* _Recorded information_:
<<<<

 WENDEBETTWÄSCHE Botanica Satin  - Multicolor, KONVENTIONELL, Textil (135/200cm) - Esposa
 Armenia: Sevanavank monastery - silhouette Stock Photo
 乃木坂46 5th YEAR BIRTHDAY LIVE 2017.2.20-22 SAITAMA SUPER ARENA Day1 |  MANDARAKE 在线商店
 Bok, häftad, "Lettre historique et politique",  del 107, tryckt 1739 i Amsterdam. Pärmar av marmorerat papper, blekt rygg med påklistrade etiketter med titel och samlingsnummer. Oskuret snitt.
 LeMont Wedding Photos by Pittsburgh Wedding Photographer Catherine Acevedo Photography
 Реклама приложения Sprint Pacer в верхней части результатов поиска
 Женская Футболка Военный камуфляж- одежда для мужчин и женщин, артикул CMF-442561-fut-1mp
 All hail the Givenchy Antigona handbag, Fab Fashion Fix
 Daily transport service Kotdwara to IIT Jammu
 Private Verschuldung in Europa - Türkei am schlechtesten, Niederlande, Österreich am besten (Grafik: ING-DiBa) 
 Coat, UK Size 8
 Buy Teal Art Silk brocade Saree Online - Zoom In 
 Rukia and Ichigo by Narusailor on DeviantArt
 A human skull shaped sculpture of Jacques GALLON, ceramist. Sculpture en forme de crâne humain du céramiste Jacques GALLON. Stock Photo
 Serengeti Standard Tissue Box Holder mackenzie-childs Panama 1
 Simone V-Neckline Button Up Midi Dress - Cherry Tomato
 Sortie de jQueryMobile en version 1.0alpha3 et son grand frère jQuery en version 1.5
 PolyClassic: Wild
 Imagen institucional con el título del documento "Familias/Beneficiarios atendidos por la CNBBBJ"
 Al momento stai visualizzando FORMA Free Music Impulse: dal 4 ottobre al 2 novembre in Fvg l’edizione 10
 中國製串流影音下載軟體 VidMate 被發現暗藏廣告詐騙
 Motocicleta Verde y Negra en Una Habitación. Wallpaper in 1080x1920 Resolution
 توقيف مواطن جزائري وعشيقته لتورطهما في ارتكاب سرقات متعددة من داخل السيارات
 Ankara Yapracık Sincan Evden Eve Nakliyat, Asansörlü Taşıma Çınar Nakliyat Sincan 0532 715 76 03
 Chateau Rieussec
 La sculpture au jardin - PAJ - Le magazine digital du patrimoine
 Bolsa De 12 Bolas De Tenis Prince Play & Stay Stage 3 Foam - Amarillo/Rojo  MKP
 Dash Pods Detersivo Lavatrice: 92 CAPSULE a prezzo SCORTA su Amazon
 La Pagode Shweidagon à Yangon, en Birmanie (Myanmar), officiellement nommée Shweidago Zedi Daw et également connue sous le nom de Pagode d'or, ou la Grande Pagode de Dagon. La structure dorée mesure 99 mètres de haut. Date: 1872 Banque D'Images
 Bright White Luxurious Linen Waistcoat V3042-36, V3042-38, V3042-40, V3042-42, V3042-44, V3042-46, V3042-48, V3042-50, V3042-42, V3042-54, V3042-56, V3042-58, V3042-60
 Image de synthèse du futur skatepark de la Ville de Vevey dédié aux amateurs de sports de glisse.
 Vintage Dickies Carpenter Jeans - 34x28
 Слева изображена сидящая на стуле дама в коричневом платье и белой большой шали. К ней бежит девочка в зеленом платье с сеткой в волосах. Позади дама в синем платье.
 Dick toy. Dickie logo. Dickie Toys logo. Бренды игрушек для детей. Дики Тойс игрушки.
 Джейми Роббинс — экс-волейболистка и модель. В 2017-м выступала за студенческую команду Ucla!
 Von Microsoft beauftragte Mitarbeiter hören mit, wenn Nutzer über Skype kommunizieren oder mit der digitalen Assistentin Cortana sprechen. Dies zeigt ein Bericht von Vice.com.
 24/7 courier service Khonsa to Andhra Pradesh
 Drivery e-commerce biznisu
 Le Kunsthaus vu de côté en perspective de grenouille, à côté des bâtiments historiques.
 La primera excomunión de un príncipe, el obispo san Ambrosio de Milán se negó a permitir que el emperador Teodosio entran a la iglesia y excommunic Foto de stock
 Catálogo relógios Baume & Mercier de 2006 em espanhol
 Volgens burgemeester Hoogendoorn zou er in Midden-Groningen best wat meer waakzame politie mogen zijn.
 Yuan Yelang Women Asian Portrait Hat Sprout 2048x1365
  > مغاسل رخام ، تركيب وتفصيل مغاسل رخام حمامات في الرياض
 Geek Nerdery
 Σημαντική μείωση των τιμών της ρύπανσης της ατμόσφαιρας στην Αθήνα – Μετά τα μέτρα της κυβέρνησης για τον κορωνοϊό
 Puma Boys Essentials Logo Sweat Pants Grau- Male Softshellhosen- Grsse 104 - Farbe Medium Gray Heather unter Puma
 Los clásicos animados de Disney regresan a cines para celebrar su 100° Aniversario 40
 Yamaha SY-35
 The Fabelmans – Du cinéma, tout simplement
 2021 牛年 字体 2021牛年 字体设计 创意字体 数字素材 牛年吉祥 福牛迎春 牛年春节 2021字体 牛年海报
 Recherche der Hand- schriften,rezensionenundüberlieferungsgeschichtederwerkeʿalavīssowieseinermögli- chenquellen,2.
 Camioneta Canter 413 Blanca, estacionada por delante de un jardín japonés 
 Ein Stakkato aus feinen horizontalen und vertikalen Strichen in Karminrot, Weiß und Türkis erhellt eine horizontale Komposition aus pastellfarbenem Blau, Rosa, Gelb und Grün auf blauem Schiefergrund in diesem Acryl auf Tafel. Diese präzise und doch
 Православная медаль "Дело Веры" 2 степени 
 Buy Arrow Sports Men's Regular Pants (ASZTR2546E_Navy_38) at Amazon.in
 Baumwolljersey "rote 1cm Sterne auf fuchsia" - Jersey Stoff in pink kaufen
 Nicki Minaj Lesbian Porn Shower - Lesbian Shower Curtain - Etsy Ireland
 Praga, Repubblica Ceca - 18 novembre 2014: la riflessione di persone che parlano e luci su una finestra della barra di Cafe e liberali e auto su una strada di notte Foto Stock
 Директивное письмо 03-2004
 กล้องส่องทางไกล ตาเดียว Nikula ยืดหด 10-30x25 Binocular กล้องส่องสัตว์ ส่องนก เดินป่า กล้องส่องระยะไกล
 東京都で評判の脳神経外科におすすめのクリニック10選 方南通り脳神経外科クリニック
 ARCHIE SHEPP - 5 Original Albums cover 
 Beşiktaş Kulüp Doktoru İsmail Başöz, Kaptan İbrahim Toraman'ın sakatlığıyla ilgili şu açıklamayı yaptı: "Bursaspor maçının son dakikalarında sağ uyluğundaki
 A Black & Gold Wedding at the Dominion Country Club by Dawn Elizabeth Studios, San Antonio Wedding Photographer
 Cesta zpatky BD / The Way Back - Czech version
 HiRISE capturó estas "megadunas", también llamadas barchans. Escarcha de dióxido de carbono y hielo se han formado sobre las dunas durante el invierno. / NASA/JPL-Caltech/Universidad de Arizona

>>>>

* _What you need to do_:
Above are the entries. Output exactly the lines beginning with the line that has "Armenia: Sevanavank monastery" and ending with the line that has "LeMont Wedding Photos".

* _Solution to this exercise_:
 Armenia: Sevanavank monastery - silhouette Stock Photo
 乃木坂46 5th YEAR BIRTHDAY LIVE 2017.2.20-22 SAITAMA SUPER ARENA Day1 |  MANDARAKE 在线商店
 Bok, häftad, "Lettre historique et politique",  del 107, tryckt 1739 i Amsterdam. Pärmar av marmorerat papper, blekt rygg med påklistrade etiketter med titel och samlingsnummer. Oskuret snitt.
 LeMont Wedding Photos by Pittsburgh Wedding Photographer Catherine Acevedo Photography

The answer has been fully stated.